Fico perdida no misto de sentimentos que tomam o meu peito: a sensação de ter um vento quente que emana dele, soprando em minha direção, a sensação esquisita em meu baixo ventre, o frio e o medo que seus olhos me causam.
Minha boca está seca, meu coração está acelerado e minha respiração está errática.
""Por Deus, o que há comigo? Seriam sintomas da vergonha de que sou alvo?" - me pergunto.
Sem poder sustentar a batalha de olhares entre nós dois, volto meus olhos para dona Violeta, que se mostra desconcertada com a situação, entretanto não se manifesta.
Olho de soslaio para Carmem, que está tão pálida quanto eu, enquanto Mônica, que se encontra a poucos centímetros à frente, carrega o esgar de um sorriso. Eu sei que ela se deleita com o acontecimento.
Quando o ogro some pelo corredor, solto o ar que eu nem sabia que estava segurando.
_ Larissa, mi dispiace ragazza. Pietro viveu muito tempo longe do Brasil e os costumes na nossa Itália são outros.
Apenas anuí, eu não tinha palavras, muito menos condições para argumentar nada.
Segurei minhas mãos trêmulas atrás das minhas costas.
Dona Violeta deixa a mesa e segue em direção oposta à do filho.
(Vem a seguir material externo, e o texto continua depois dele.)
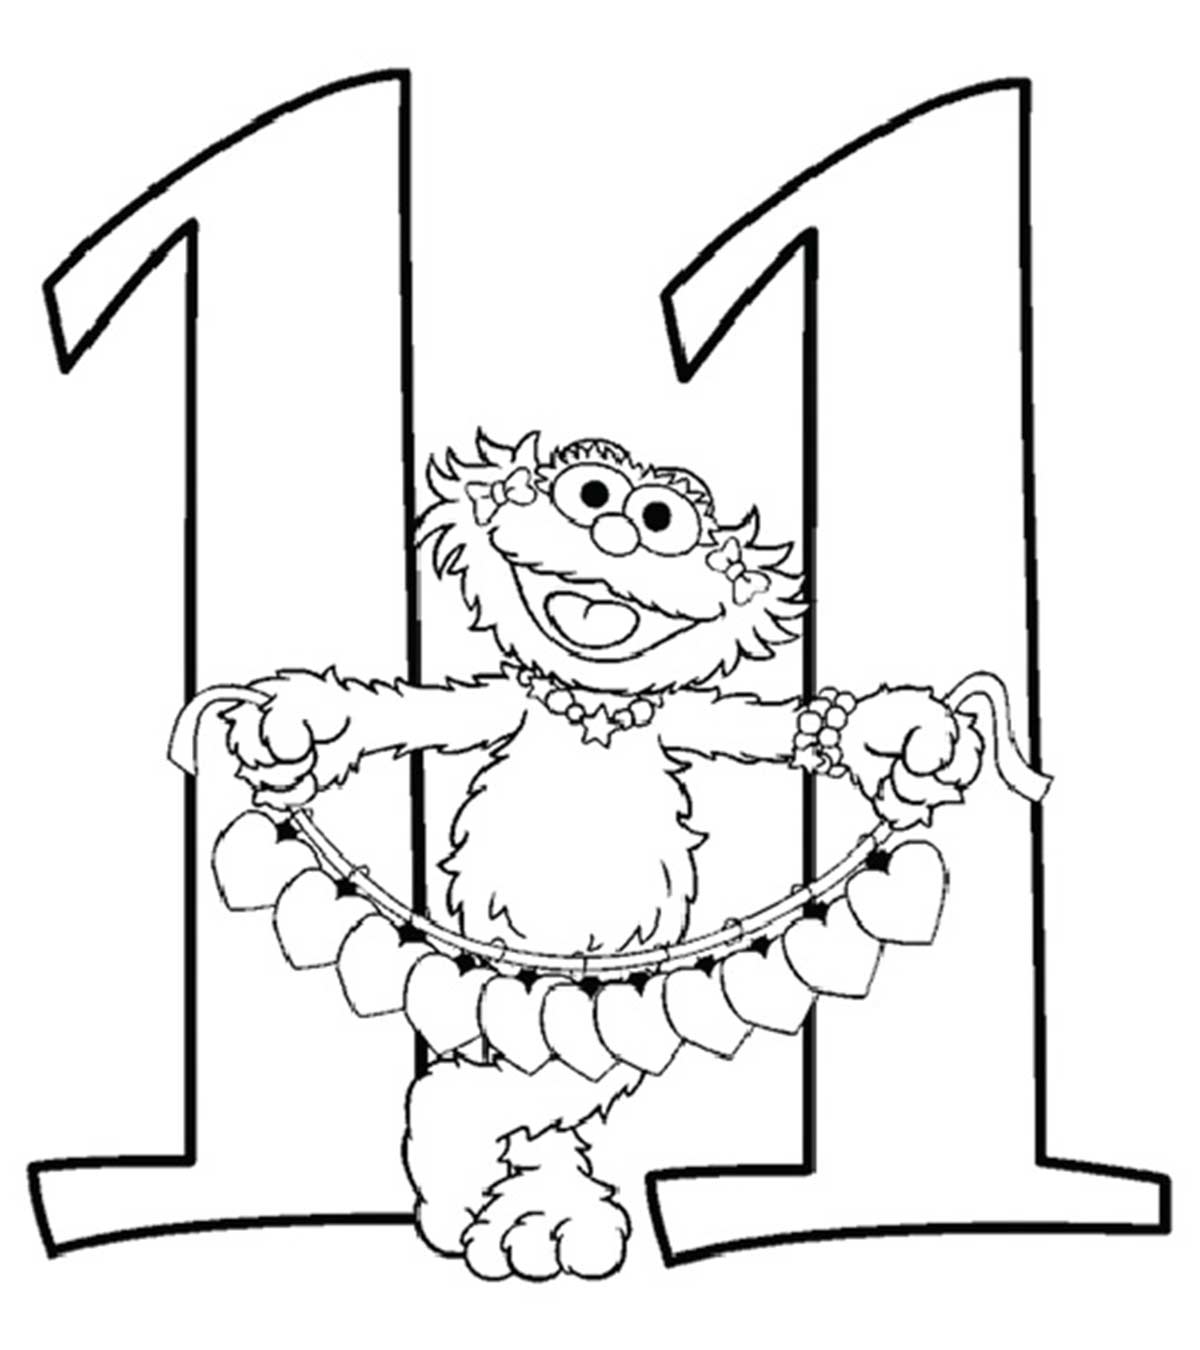 21 Easy To Learn Number Coloring Pages For Your Little Ones

_ Caramba, Lari! O que foi isso? - Carmen me pergunta.
_ Se você não sabe, imagine eu. - falo verdadeiramente.
_ Como se vocês fossem cegas, olha as roupas da menina. - Mônica aponta o dedo e faz movimentos de cima abaixo em minha direção - Está parecendo uma palhaça. - diz ácida - Qualquer um pode te enxergar a milhas de distância com essas cores exageradas que está vestindo e outra, está vendo alguma de nós com o cabelo solto? Isso aqui não é um passeio no parque, é trabalho. - completa.
Olho com raiva para a loira que dá de ombros e sai da sala de jantar levando consigo uma bandeja recheada de coisas.
_ Não se preocupe com isso, Lari. Gente rica é assim, cheia de frescura. No entanto, evite ficar entrando em choque com o senhor Pietro. Ele tem uma vibração esquisita. Nossa! Coisa boa esse homem não é.
" Será que foi por isso que fiquei tão esquisita quando ele me olhou fixamente?"- penso.
_ Irei fazer isso, Carmem.
_ Hoje, pelo que parece, vão haver duas candidatas para serem entrevistadas, se tudo der certo. Logo, você estará livre de engolir o humor do cão que esse homem parece ter - ela diz e sorri para mim.
Carmem é uma senhora doce de quarenta e cinco anos, esposa de um tratorista da fazenda Caravaggio.
Ajudo a retirar a mesa e por volta das onze e meia sou dispensada. Retorno para casa remoendo os acontecimentos da parte da manhã.